This morning I ran the Coogan’s Salsa, Blues, and Shamrocks 5k in Washington Heights (an area of NYC that is even further uptown than the area in which I live). As I said yesterday (I think it was yesterday, anyway…I’m too lazy to go back and check), I wasn’t necessarily looking to PR, though I was also planning to run strong and see where it took me. Well, all I can say is that I’ll really never know if I could have PR’d today, because I wasn’t really able to run my own race. It was more like the race of everyone around me. Just to warn you, this post will probably get a little bit rant-y.
I’ll start with the positive things about the race. First of all, it was organized by NYRR, and their races are always very organized. The shirts were fun too, in a stand-out turquoise color that is a nice change from the standard white. There were bands all along the course (I’ve run some races that claimed to have bands along the whole course and that actually turned out to be pretty lame in that regard, so this was pretty neat), and the atmosphere was festive. The course was also pretty, with a turn-around point that overlooked the Hudson River. And since I was running so slowly at that point, there was time to admire the view.
Which brings me to the negative things about the race. Like all NYRR races, this one utilized the corral system. And like every other race I’ve ever done, people completely ignored it and just placed themselves wherever they damn well pleased. As a result, people who were either walking or just loping along seeded themselves up toward the front of the crowd of runners, and people like me, who actually made the mistake of trying to follow the corral system, kind of got screwed being stuck behind them. I’m a huge supporter of people running at a pace that is comfortable for them, but it really bothers me when people who are running at a slower pace place themselves so far up in the crowd. All that does is make things difficult for everyone. It was especially bad during this race because the course was an out-and-back, so we had to cram down to one lane of traffic on a two-lane road to accommodate the front-runners. For the first two miles of the race, I was afraid I was literally going to trip over someone as I tried to weave through the crowd to find a place where I could run at my race pace, and this showed in my splits: 9:21 for the first mile, and 8:37 for the second. There were also a lot of children running the race, which confused me because there was a separate race for kids after the 5k. I’m really not a fan of having children run races with adults–in my experience, they tend to stop and start very haphazardly (of course, there are adults who do this, too), and it can be very hard to see them since they are small and will not be in your field of vision if you are paying attention to what is at eye-level. The course was somewhat hilly, and I think this helped to thin the crowd out slightly by the time I got through the second mile, but for the most part the whole thing was just one big clusterf*ck. I was finally able to hit a pace that felt right by the third mile, which I finished in 7:45.

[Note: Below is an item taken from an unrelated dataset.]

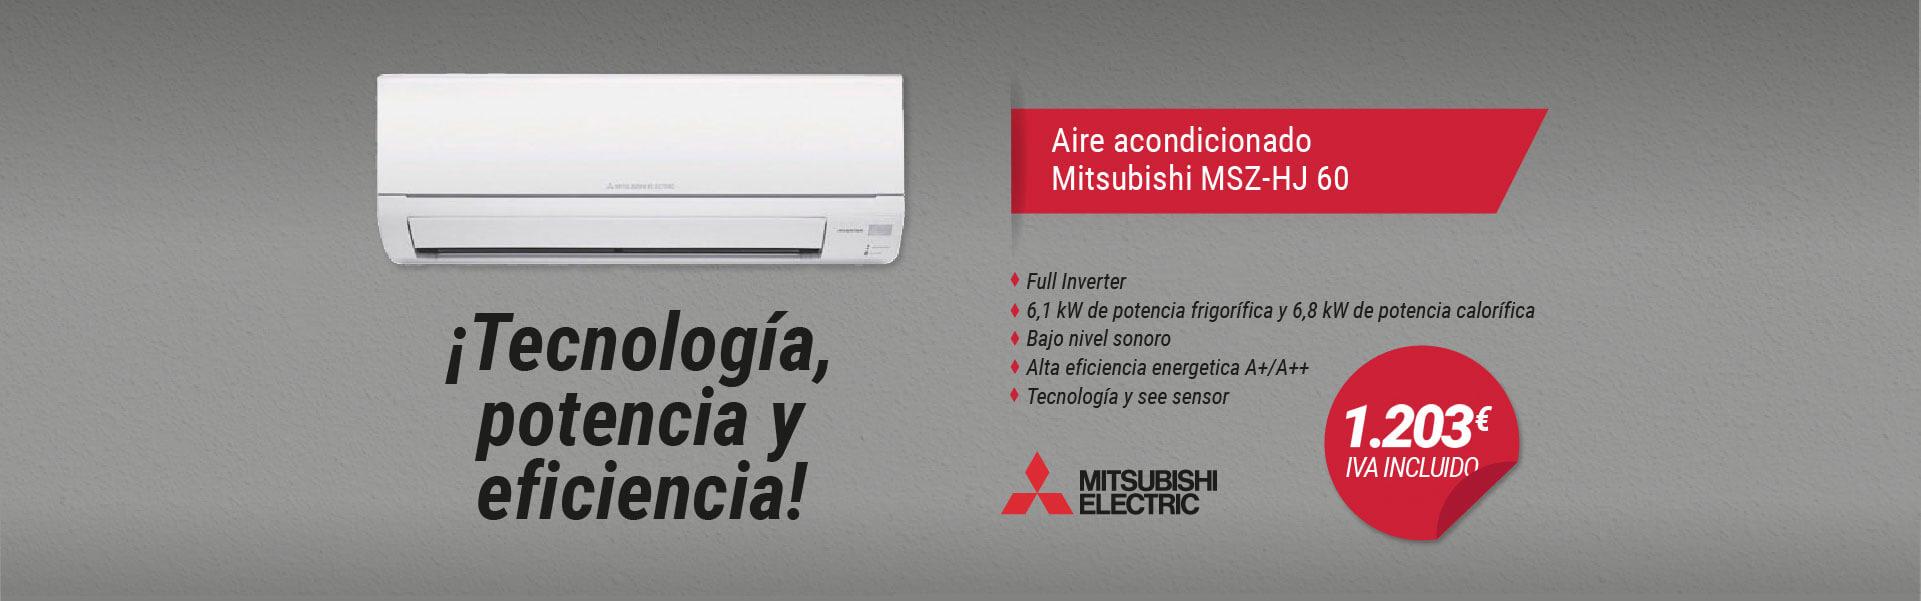 slider promo aire acondicionado Mitsubishi

According to my Precious, my finishing time was 26:58 for a distance of 3.19, which potentially means that all the weaving I had to do added up to nearly .1 mile. That’s a lot of weaving, but it wouldn’t surprise me to learn that that’s what explains that extra bit of distance. There were definitely times when I felt like I was running laterally rather than forward. It was really frustrating. My official time, according to the race results, was 26:56. I think I posted yesterday that my 5k PR is 26:11–I should mention that my second-fastest 5k is 26:4x, and that was a race during which I walked. So essentially, I’ve run faster 5ks with walking breaks. I wish I’d had a chance to run at a more consistent pace, because I think I could have PR’d today. Overall, this was sort of a disappointment and although this might be a good party-time race (on a Sunday morning) to run with friends, that’s not really what I look for in my races. So.
I’m still planning on trying to go out later for another 6 miles, to meet my training goal for the week. For the rest of the day, I’m just going to try to take care of myself. I know my good friend the depression monster is lurking in the dark corners of my room, just waiting for an opportunity to pounce. I’m hoping to be able to hold him back.